*** Opening Recorded data ***

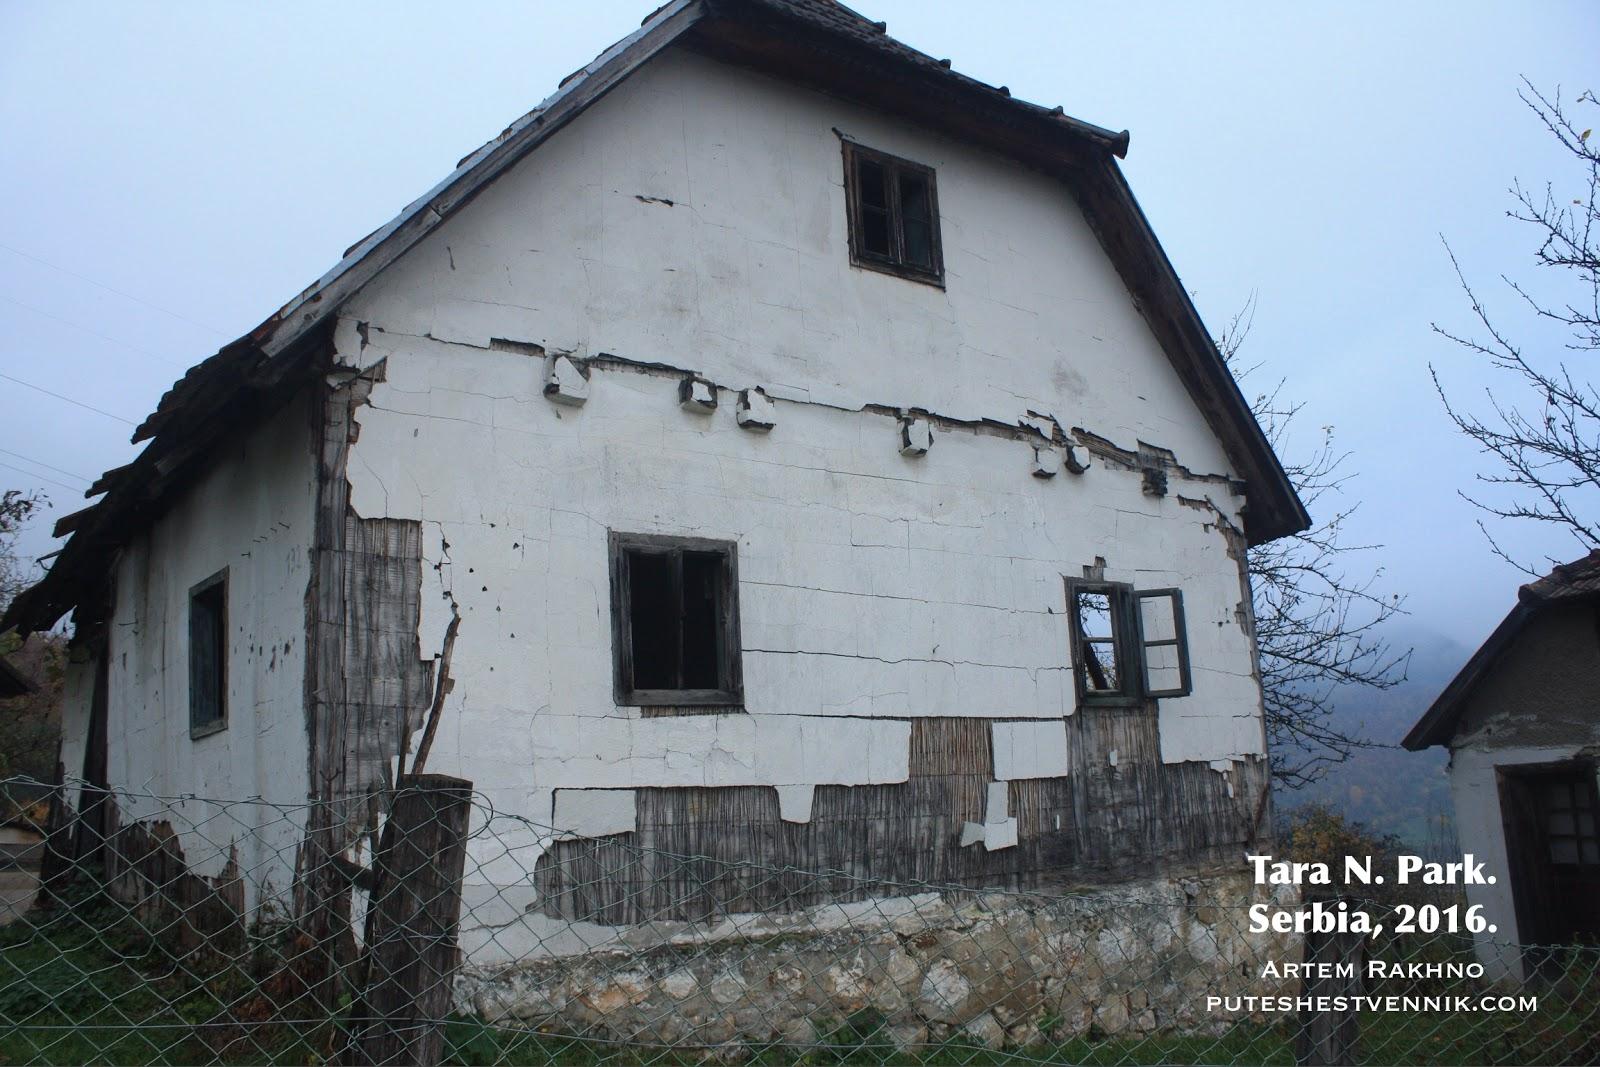 Заброшенный дом в Сербии
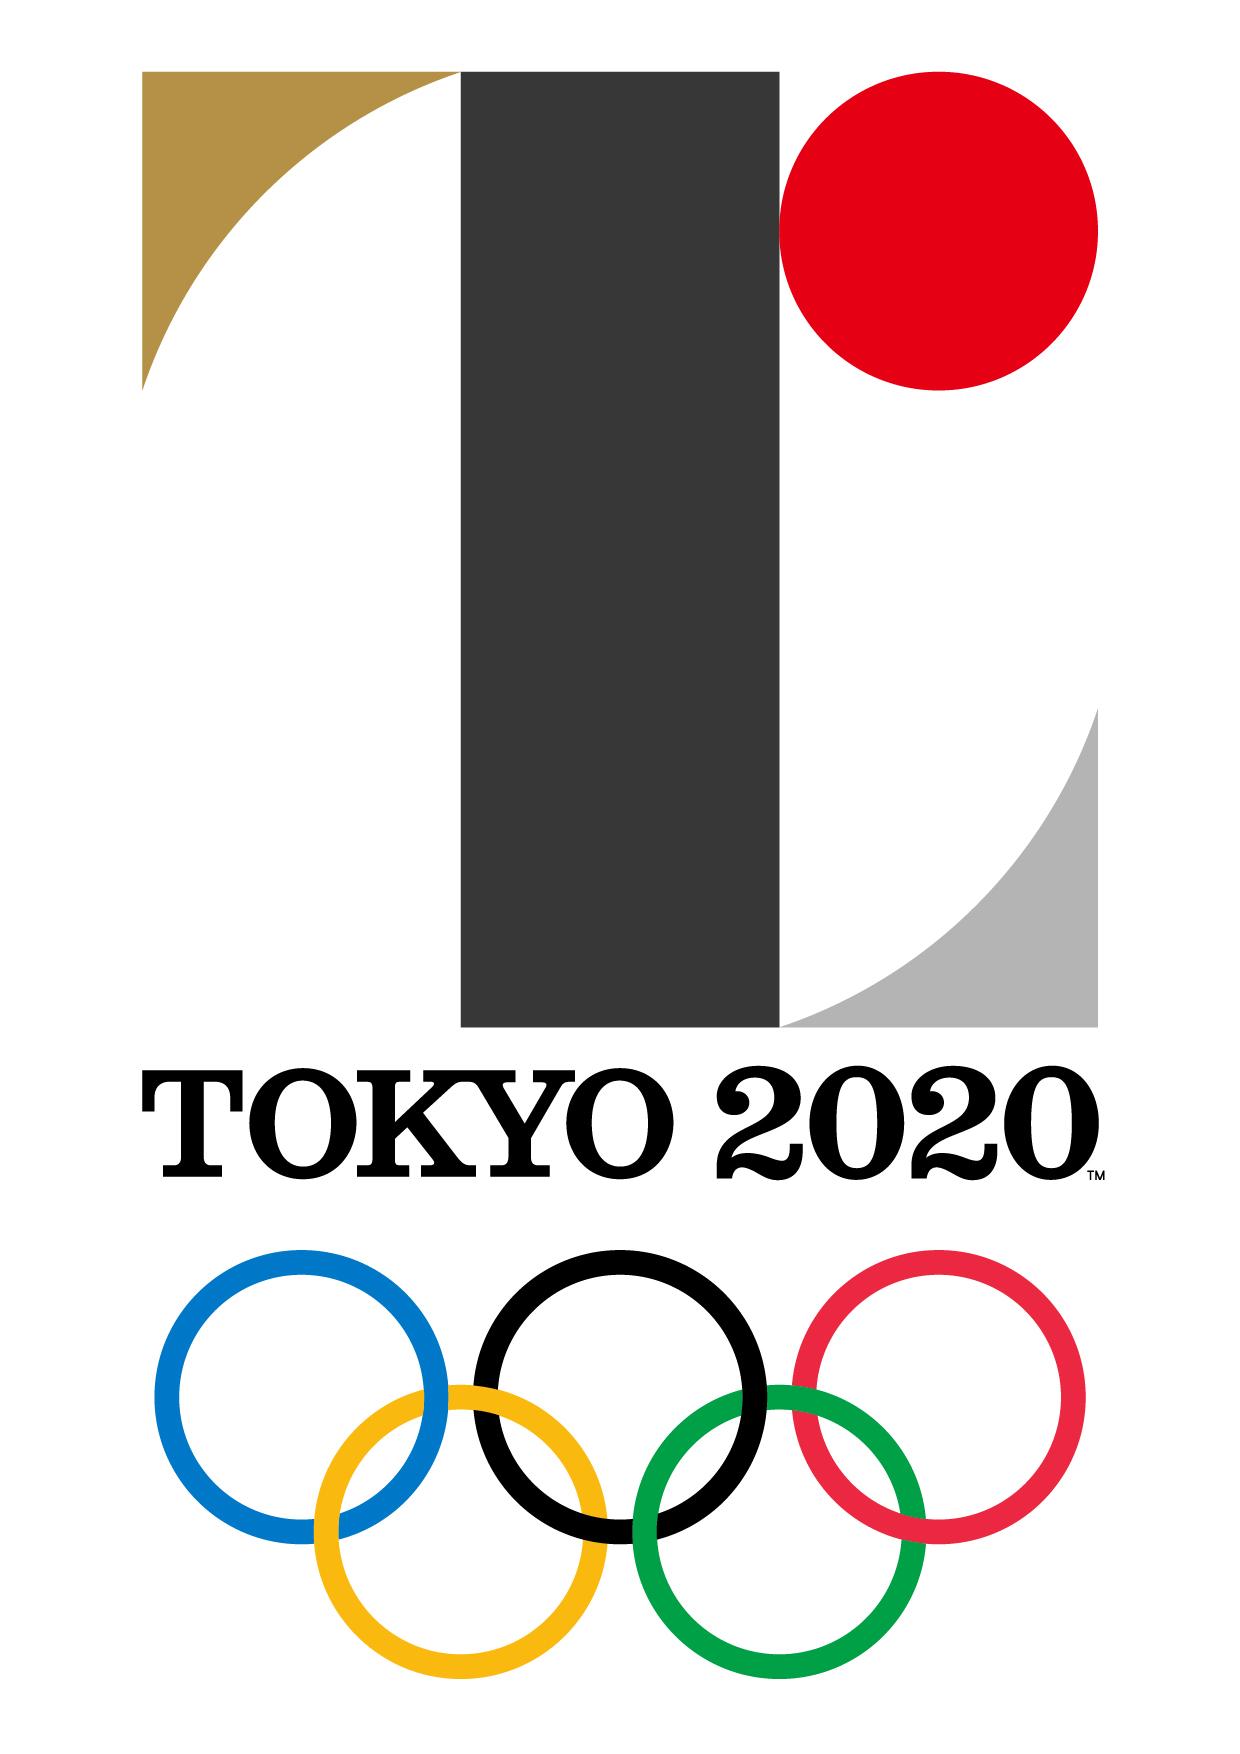 東京五輪エンブレムのパクリ疑惑
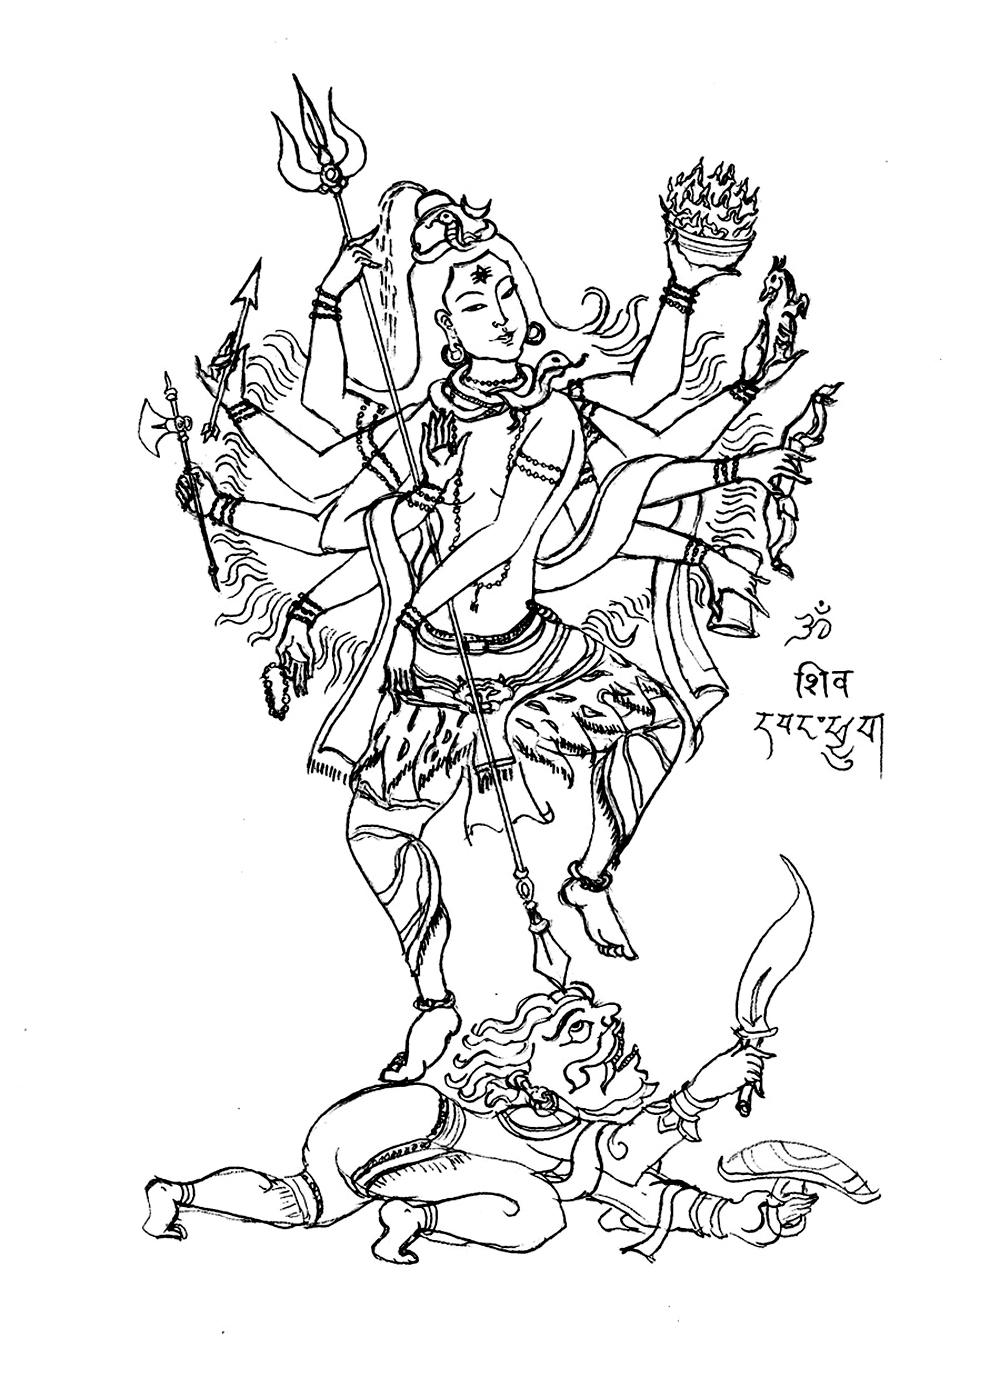 Le Dieu Shiva, représenté avec 8 bras et un trident, qui concentre les pouvoirs de la trimûrti : création, perpétuation et destruction de l'univers

*** Closing Recorded data ***

▶ [What you have to do] Please output every line of the listing as it stands, and omit its images.

▶ [Solution to this exercise]
 Заброшенный дом в Сербии
 東京五輪エンブレムのパクリ疑惑
 Le Dieu Shiva, représenté avec 8 bras et un trident, qui concentre les pouvoirs de la trimûrti : création, perpétuation et destruction de l'univers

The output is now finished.